# Falcon Power Triad 3 in 1 Air Compressor/Generator/Welder



## BHoyer202 (Dec 2, 2015)

I bought one of these units a few months ago off a distributor of Falcon Power. At the time I had a 6500 watt generator that was on it's last leg and an electric air compressor I would have to run off of it. It was the first time a had seen a unit that offered not only those two options but also a welder on the same machine. I had been needing a welder for too long I was borrowing my friends all the time and he always seemed to need it when i used it. The rep walked me through how all the functions run simultaneously. It seemed like the machine was almost too good to be true because it had all the tools i needed rolled into one machine. I looked up a few different combo units but most of them where bigger and bulky and even air compressor based units. This unit was easy to move around and does not take up all the room in my truck like the units John Deere sells. The output of 6000 watts makes it easy to roll over to run in emergency situations. The 180 amp stick welder is more welder than I will ever need. It even had a remote start on it. Though I was not at the location of their facilities the gentleman who sold me the unit assured me there was a 1 year warranty. It took me a month but I ultimately lost the remote for the unit. I called Falcon and they sent me one out no questions asked. I have ran the unit for close to 6 months and only had to change the oil in it. If anyone is looking for a 3 in 1 unit I would consider buying from Falcon. Has anyone here had failures with this unit? Just looking to take precautionary steps and what to maybe look for!


----------



## Clinton9674 (Dec 3, 2015)

*Keystone Farm Days*

I saw Falcon's booth at Keystone Farm days last year. It was the first I had ever seen these combo units. It made me wish I didn't already own a generator , compressor and welder. In a few years when it is time for another purchase I will be looking for one of these. When you use all 3 options at one time does it effect the output of the generator?


----------



## BHoyer202 (Dec 2, 2015)

*Falcon Power Triad 3 in 1*

Now that I think about it I have never had to use all three at the same time for a job. I have had the compressor on while welding and using the generator for lighting and running my salamander, but the tank had reached max pressure and the air compressor pump had shut off. There was no bog down on the engine when they were all running at the same time though. I have pushed the max output of the generator and used the air compressor at max output and it did not skip a beat either. You have me curious though. I might try and use all 3 in the near future.


----------



## VolcanoRex (Mar 27, 2012)

*Falcon Power Triad 3 in 1*

I was approached by one of Falcon Powers sales reps here in Texas a few months back. That Triad 3 in 1 air compressor/generator/welder was something I had never seen before. I went home after and did research and saw there are a few companies making them like BHoyer said they were much more bulky and looked harder to move around.

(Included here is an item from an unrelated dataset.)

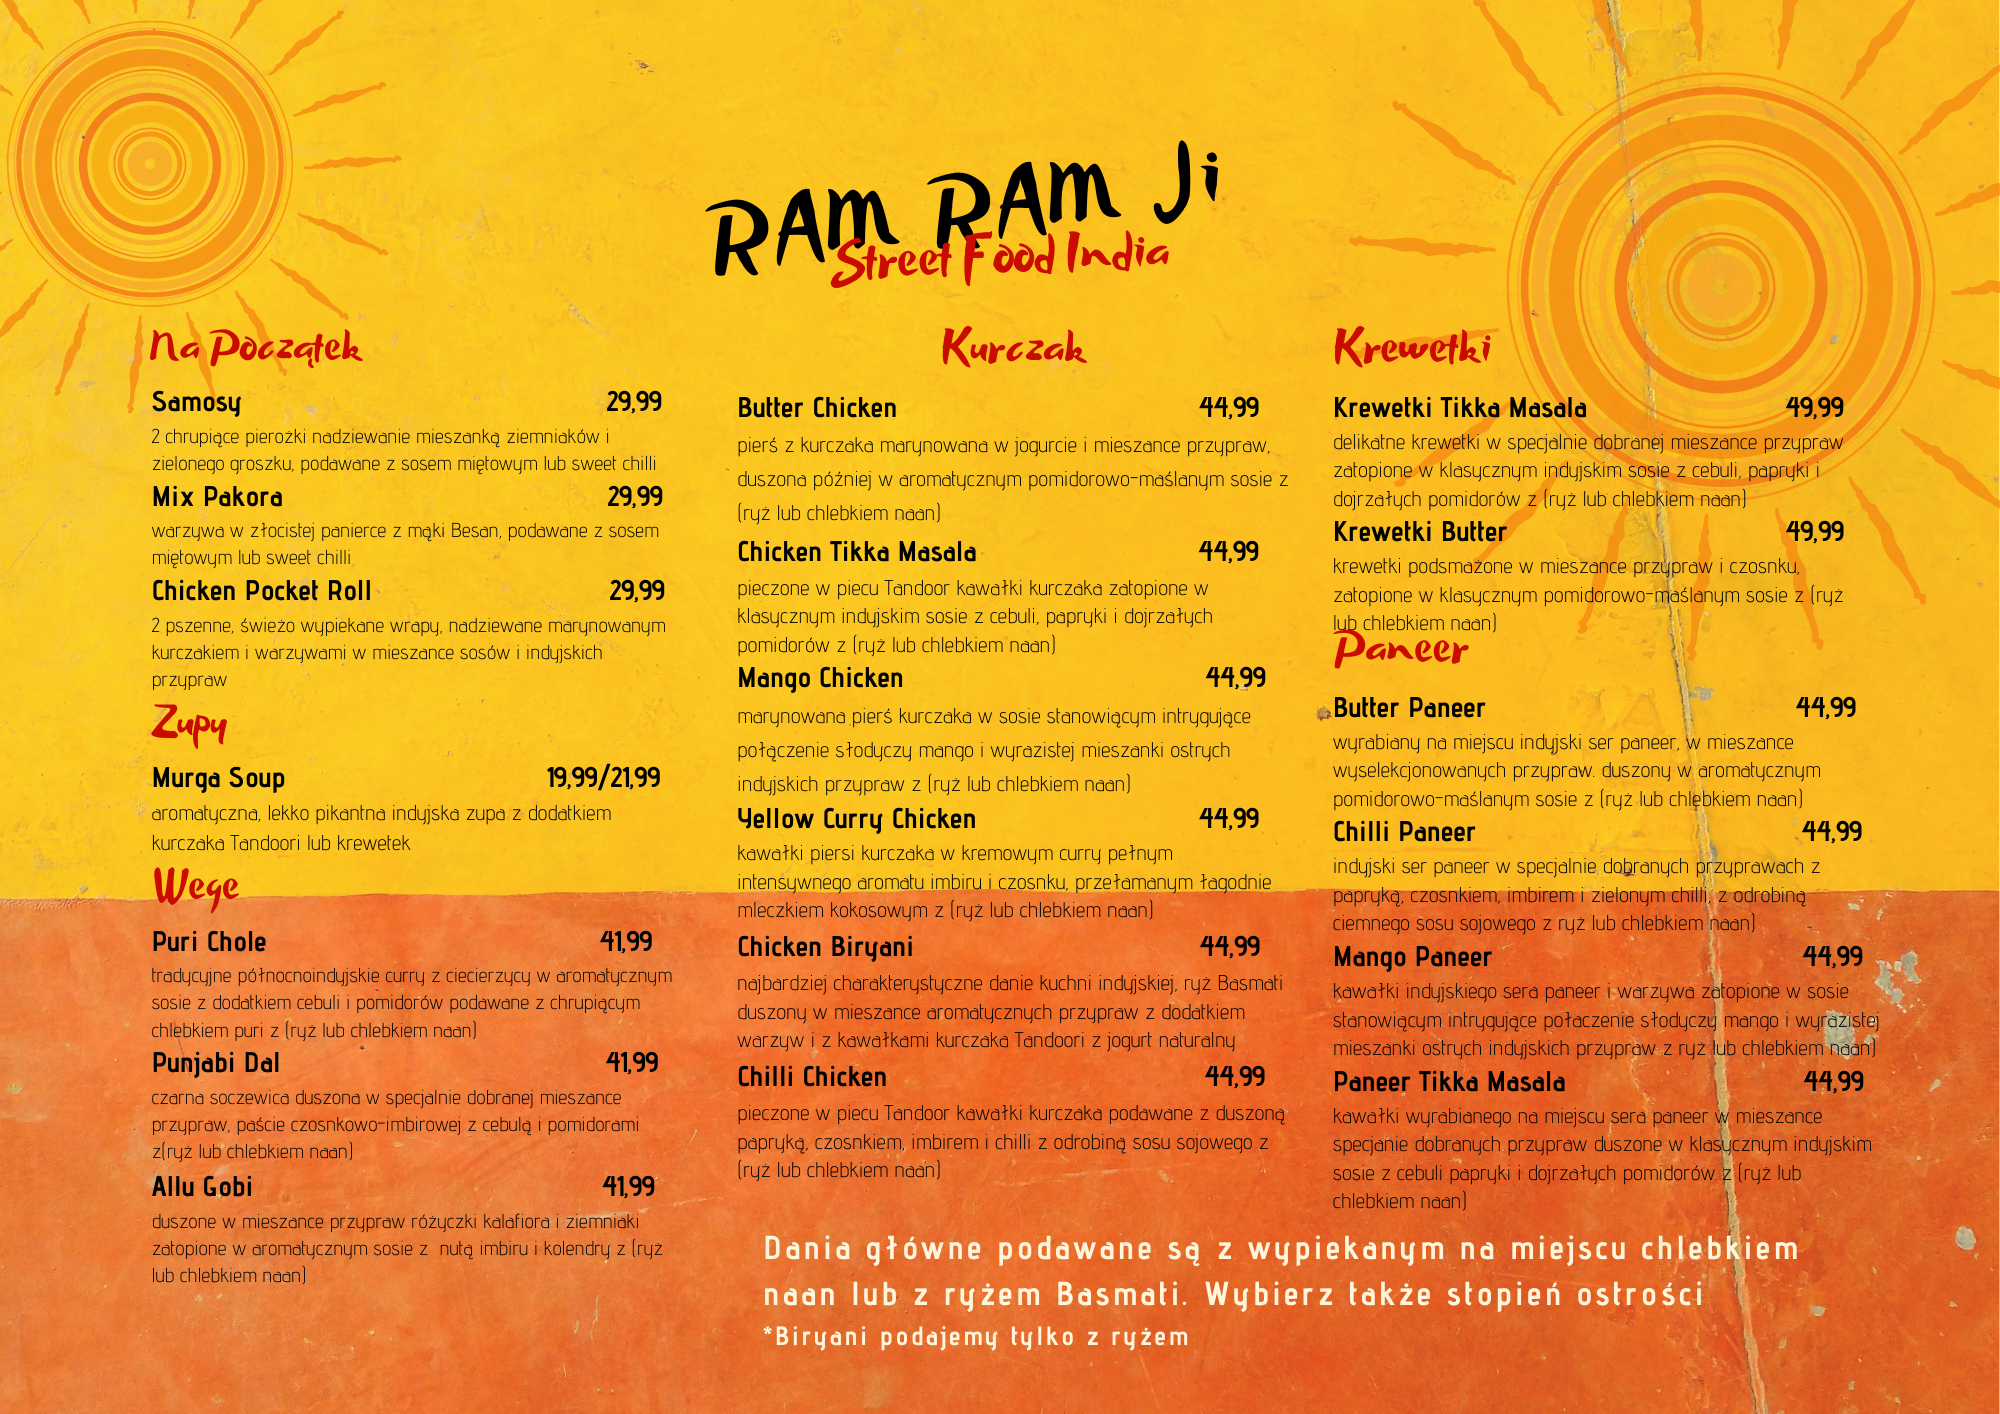 Ram Ram Ji Gdynia menu

The fire department wound up purchasing the equipment from Falcon. They raffled it at the barrel of bucks last weekend. I unfortunately did not win. I will be looking for one of these on my next big purchase.


----------



## KingDingy (Dec 7, 2015)

*Falcon Power Triad 3 in 1 Generator Air Compressor Welder*

I'm thinking about picking up one of these falcon 3-in-1 Generators. It'd be nice to have Air, Power, and a welder in one unit while i'm on the job site. I've been doing some research online and it seems like the Falcon Triad has the best bang for the buck. Anyone mounted one of these to their truck yet?


----------



## BHoyer202 (Dec 2, 2015)

*3 in 1 Mounted*

KingDingy, My friend was showing me how easy it would be to have it mounted onto a truck. You would just need to remove the caster wheels and rear axle mounts and drill right through the frame. I have a son and nephew that borrow the unit too much to have it mounted to a vehicle. And as for deciding on buying the unit. You never know how convenient it is to have all 3 on one unit until you own one! Good luck!


----------



## RubberDucky1 (Dec 7, 2015)

I used the factory pre-drilled holes on the back of the frame and an 1-1/2" plumbing strap around the bottom tubing to mount my Triad to my trailer. I also threw In a heavy duty chain. I've had other equipment/generators grow legs and walk off. Not gonna let this one.


----------



## KingDingy (Dec 7, 2015)

*Falcon Triad Generator Welder Air compressor 3 in 1*

Finally picked up a Falcon 3 in 1 over the holidays. Pretty pleased so far. This thing has some real horse power. I've yet to mount it to the truck, but plan on doing so in the next couple of weeks. I'll update with pictures when I get it done.


----------